Я не знаю, куда меня ведут, что предстоит делать, когда вернусь в каюту и вернусь ли в нее вообще. Между тем кое-что хотелось бы знать: 1. мой рабочий день нормирован или нет, 2. чем сейчас заняты другие пассажиры, 3. простой вопрос — который час? но и его, если следовать инструкции, я не имею права задать.

После дебюта — работы на помпе, в трюме перематывал бухты толстого троса, который никак не хотел укладываться на барабане витками. При каждом нерассчитанном движении меня отбрасывало, барабан начинал вращаться в обратную сторону, и я не мог отвести взгляда от зрелища превращения достигнутого результата в ничто. И все это в одиночестве, в утробе трюма, где каждый звук откликался эхом полых, угрожающих вибраций.

Помню, мне нужно было лишь перехватить руки, чтобы довести дело до конца, но я не мог ни на миг ослабить предельное напряжение. И если бы рядом со мной находился хотя бы двенадцатилетний помощник, было бы довольно его помощи для выхода из положения. Но я так и стоял до тех пор, пока, сознавая, что все мои труды пойдут прахом, все-таки выпустил его, и барабан, разгоняясь, дал тросу опутать кольцами все помещение трюма, среди которого я стоял, как Лаокоон, опутанный кольцами змей.

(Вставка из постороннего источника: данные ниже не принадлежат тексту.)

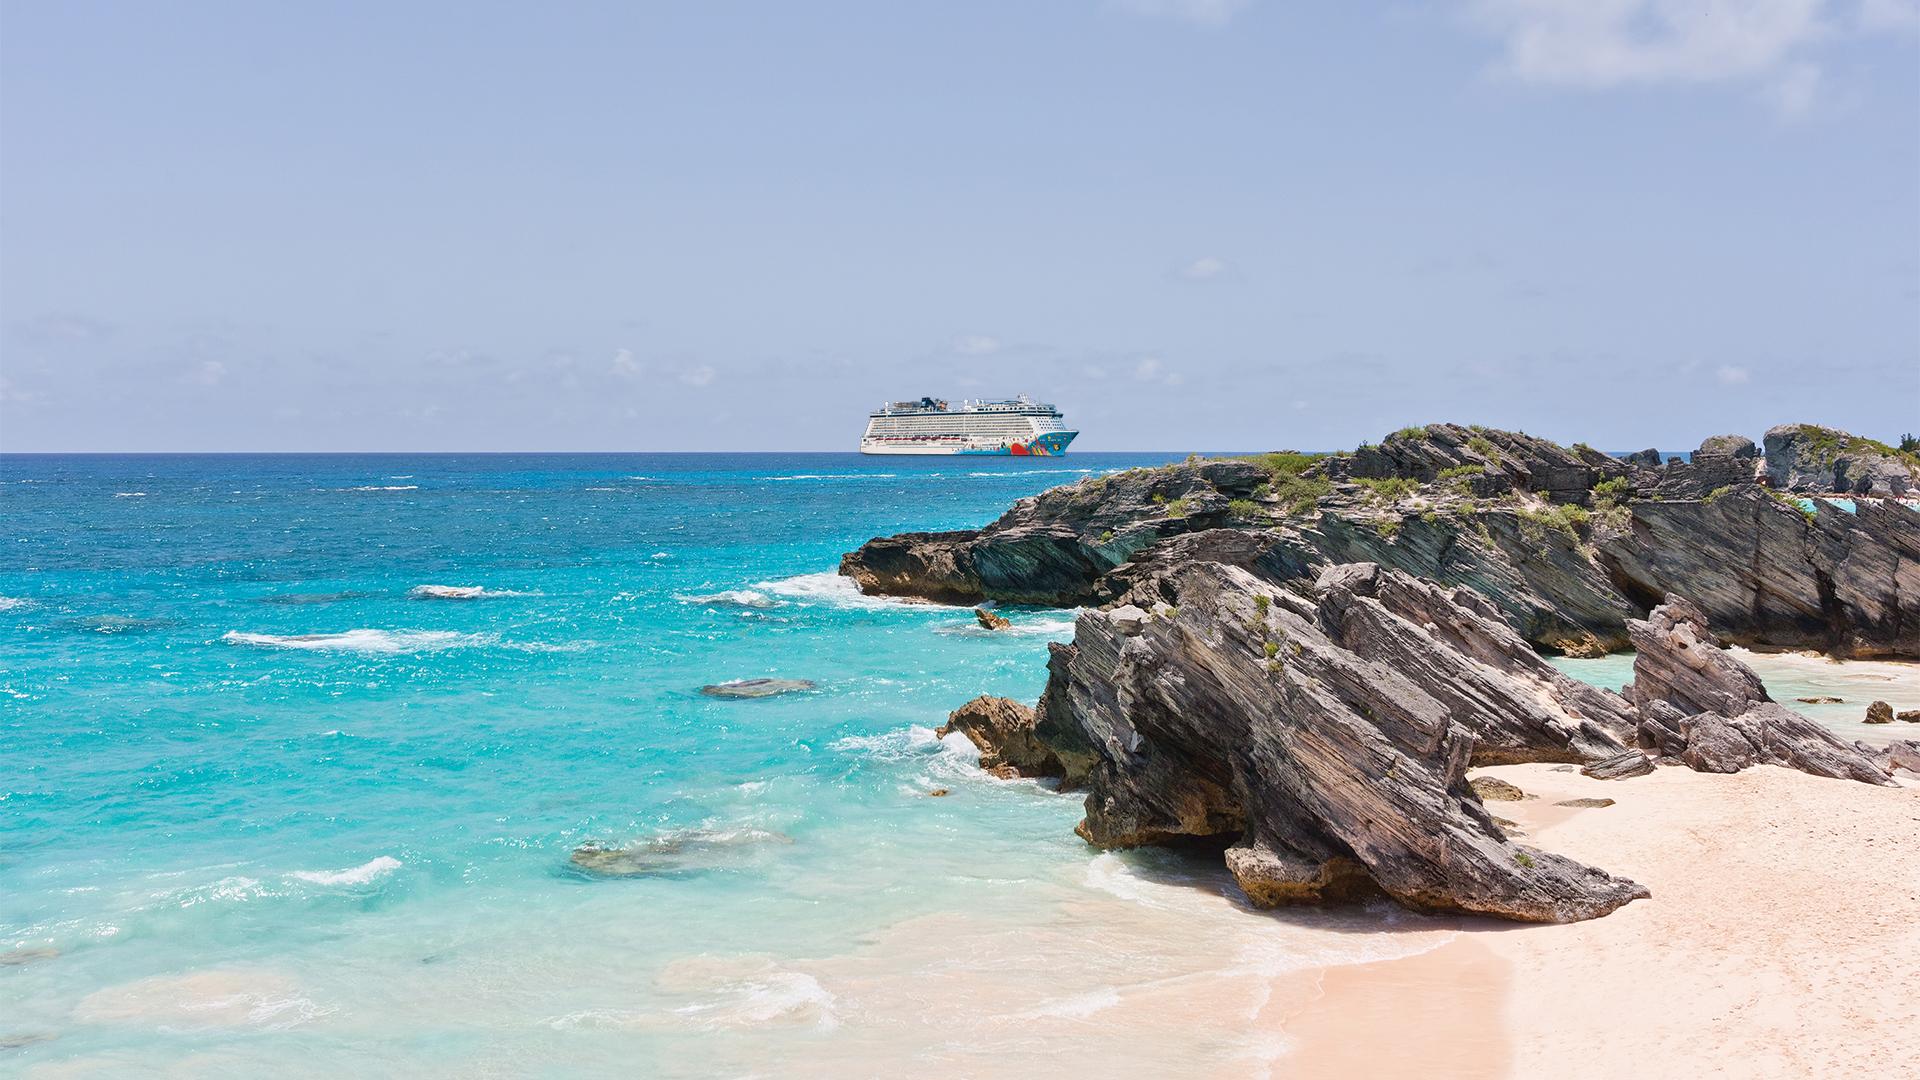 Karibien i hösttill magiska priser - Norwegian Breakaway trafikerar Karibien i höst. Flera avgångar till mycket bra priser.

Когда наконец трос был усмирен, намотан и закреплен проволокой, каждая клетка моего тела просила пощады.

Поручались и другие работы. Несколько дней я сверлил стальную перегородку дрелью — сотни отверстий, одно подле другого, по черте, которую провел мелом человек в берете. Потом зубилом и кувалдой вырубал отмеченный квадрат, корчась от боли, когда мазал и кувалда попадала по рукам. Я больше берег сверло и дрель, чем свои руки, потому что не знал, что следует делать, если инструмент придет в негодность. Терпеливо пережидал минуты прострации — а они находили на меня — и сидел на полу до тех пор, пока не приходил в себя, чтобы сверлить, рубить, крушить.

В другой раз я должен был протолкнуть в вырубленную дыру огромный контейнер в пару тонн весом. В моем распоряжении не было ничего, кроме лома. Контейнер застрял и перегородил мне дорогу к выходу. Теперь мне не вспомнить, каким образом я все-таки пропихнул контейнер в проем, — у меня не было сил даже порадоваться свершившемуся чуду.

Труды произвели замечательные опустошения в моей голове. Прошлое испарилось, будущее замкнулось ближайшими сутками. Я не обнаруживал теперь в себе таких чувств как любопытство, благодарность за что-либо и кому-либо. Временами на меня находил дьявольский смех. Предполагаю, что именно в этом смехе сгорали все эти вещички в моих внутренних интерьерах.